Un blocco lungo il percorso di maturazione
Analizzando marcatori molecolari caratteristici delle diverse fasi dello sviluppo neuronale, gli scienziati possono distinguere, con alcune limitazioni, cellule progenitrici, neuroni immaturi e neuroni più maturi. I risultati suggeriscono che nella depressione il problema potrebbe trovarsi nella transizione tra questi stadi. In altre parole, il cervello continuerebbe a possedere cellule capaci di intraprendere il percorso neuronale, ma alcune non riuscirebbero a raggiungere efficacemente la fase successiva. Questo potrebbe contribuire ad alterare la plasticità dell’ippocampo, cioè la sua capacità di adattare struttura e connessioni in risposta alle esperienze.
Perché potrebbe essere importante per i sintomi depressivi
L’ippocampo non serve soltanto a conservare ricordi. Partecipa alla gestione dello stress, alla contestualizzazione delle esperienze e ai circuiti che regolano le emozioni. Alterazioni della sua plasticità potrebbero quindi contribuire ad alcuni aspetti della depressione, anche se sarebbe scorretto considerarle una spiegazione unica della malattia. Il disturbo depressivo nasce dall’interazione tra molteplici fattori genetici, psicologici, ambientali e biologici. La maturazione incompleta dei neuroni rappresenterebbe quindi uno dei possibili meccanismi coinvolti, non la causa universale capace di spiegare tutti i pazienti e tutte le forme di depressione.
Gli antidepressivi potrebbero entrare in questa storia
Il rapporto tra antidepressivi e neurogenesi viene studiato da anni. Esperimenti sugli animali hanno mostrato che alcuni trattamenti antidepressivi possono favorire processi collegati alla nascita, sopravvivenza e maturazione dei neuroni ippocampali. Nell’essere umano il quadro è molto meno semplice e non è possibile concludere che i farmaci funzionino soltanto perché producono nuovi neuroni. I loro effetti coinvolgono neurotrasmettitori, plasticità sinaptica e numerosi sistemi molecolari. Tuttavia, capire se determinati trattamenti aiutino soprattutto le cellule immature a completare il proprio sviluppo potrebbe offrire una nuova prospettiva sui loro meccanismi d’azione.
La cautela è fondamentale
Studiare la neurogenesi nel cervello umano è particolarmente difficile. Gran parte delle informazioni dirette deriva da tessuti post-mortem e i risultati possono essere influenzati da età, farmaci assunti, durata della malattia, altre condizioni mediche e intervallo tra morte e conservazione del campione. Anche i marcatori utilizzati per identificare i neuroni giovani non rappresentano sempre una prova definitiva della loro data di nascita. Per questo la scoperta di cellule apparentemente bloccate nella maturazione non significa che sia stata trovata “la causa della depressione”. Servono ulteriori studi per confermare il fenomeno e comprenderne le conseguenze.

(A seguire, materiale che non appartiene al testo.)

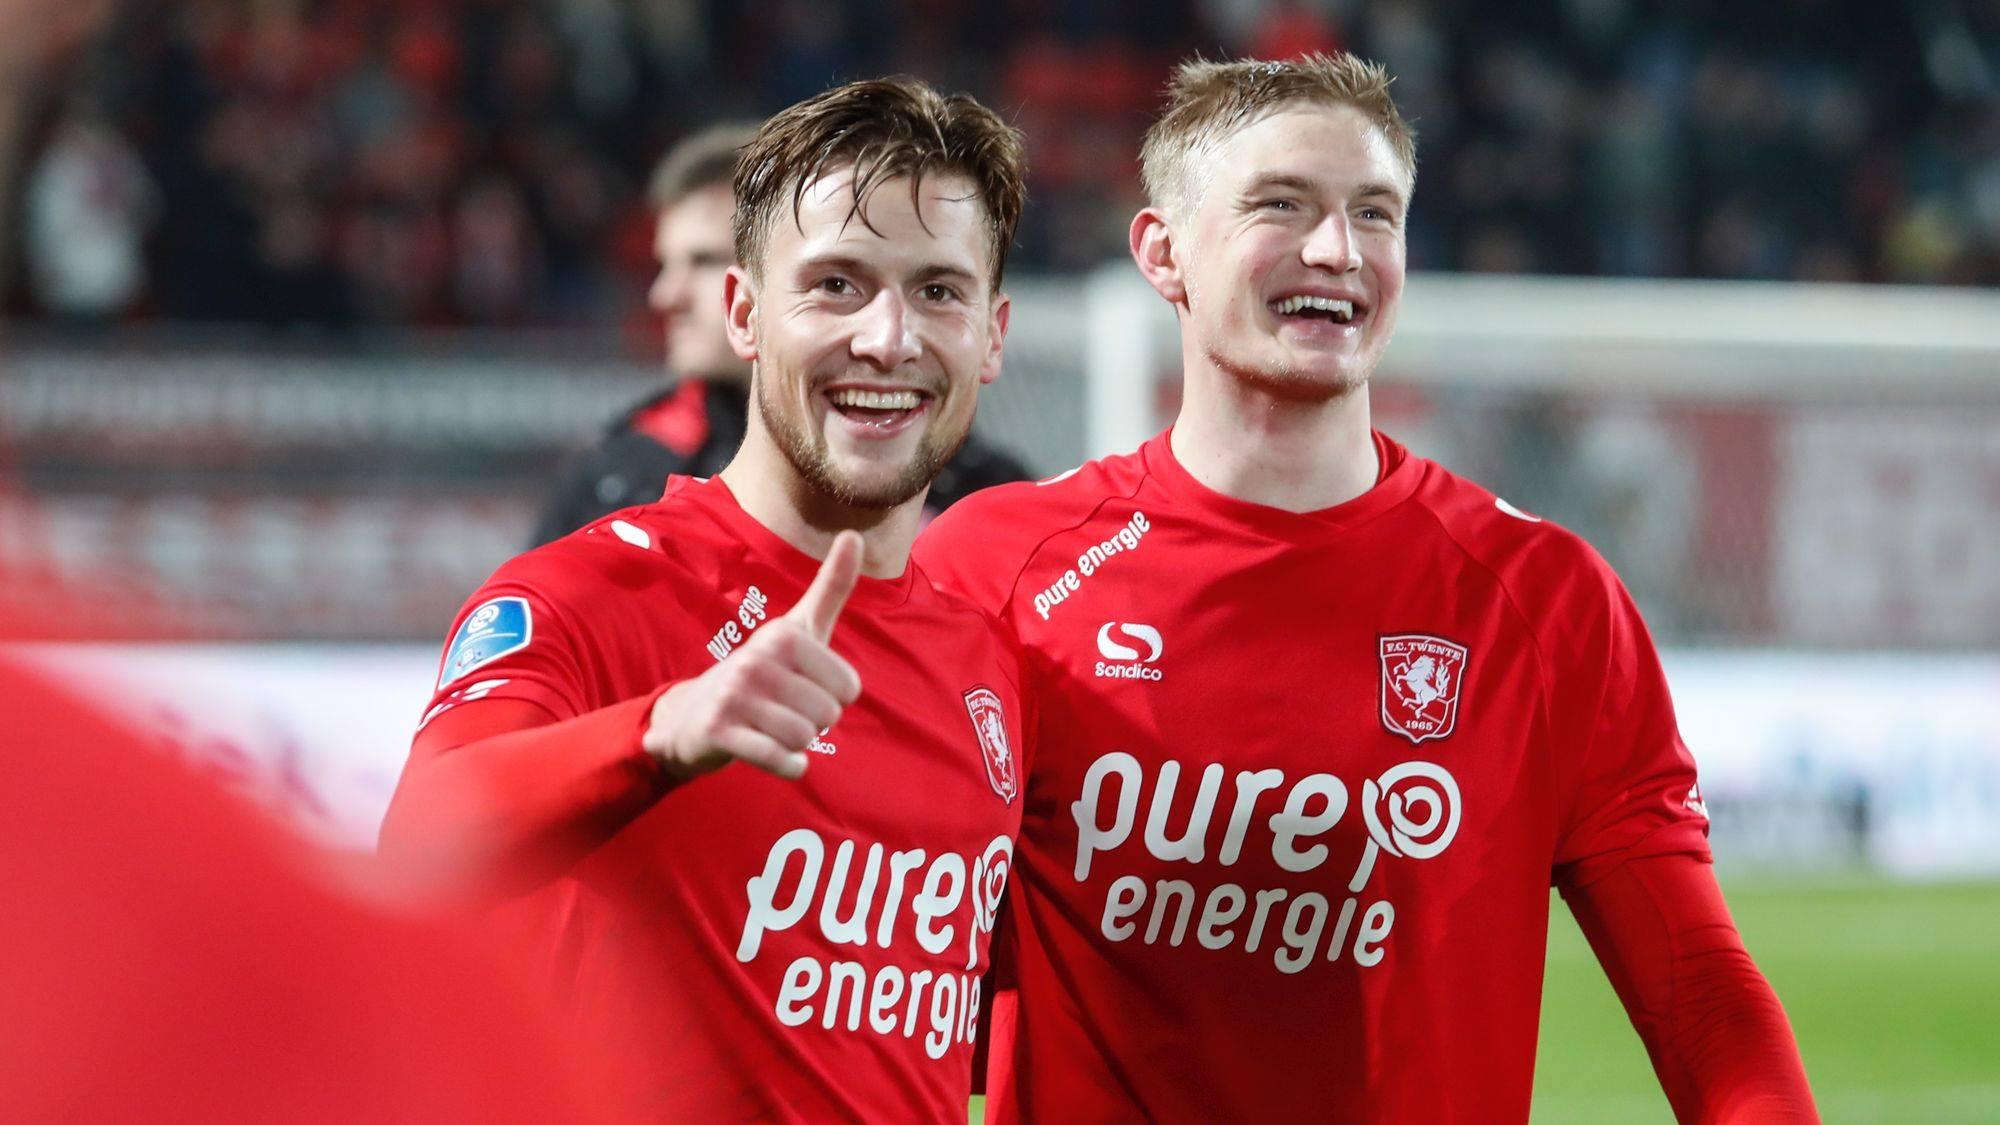 Eredivisie - Twente - Heracles - pronostico -20 settembre
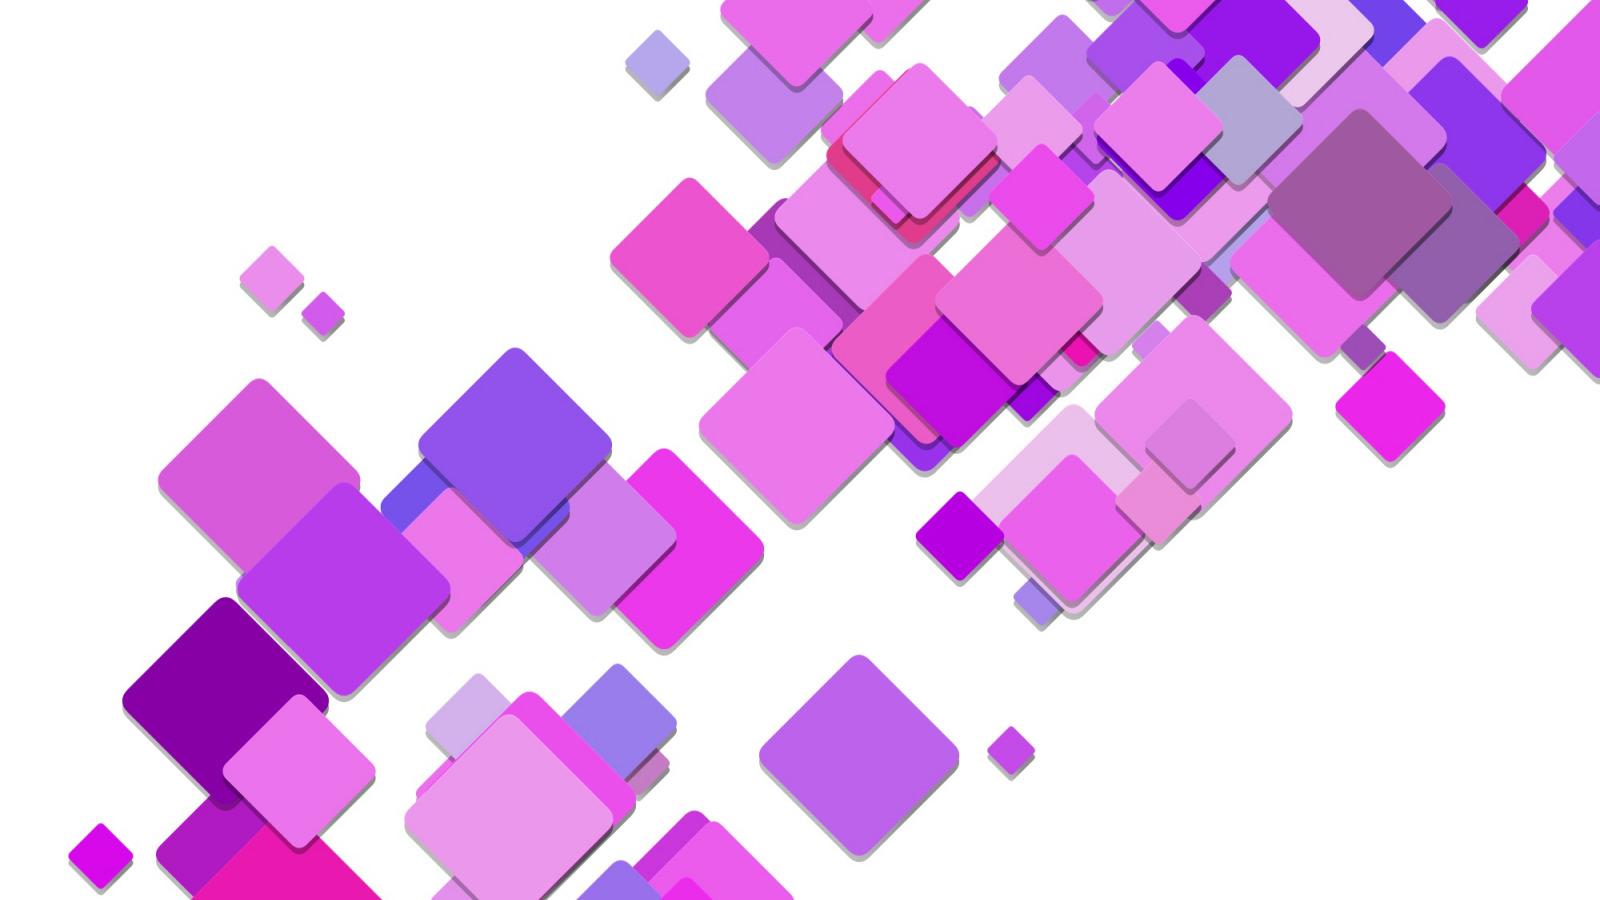 Картинки для презентации квадраты

Una nuova domanda per la ricerca sulla depressione
La scoperta sposta comunque l’attenzione verso una domanda affascinante: e se il problema non fosse produrre nuovi neuroni, ma permettere loro di crescere? Se questo meccanismo venisse confermato, future terapie potrebbero cercare di favorire non semplicemente la proliferazione delle cellule progenitrici, ma la loro maturazione e integrazione nei circuiti dell’ippocampo. È ancora una prospettiva di ricerca, non una strategia terapeutica disponibile. Ma offre un esempio di quanto la depressione sia biologicamente complessa: nel cervello adulto potrebbero continuare a comparire nuovi neuroni e, almeno in alcuni pazienti, la difficoltà potrebbe iniziare proprio nel momento in cui devono diventare pienamente funzionali.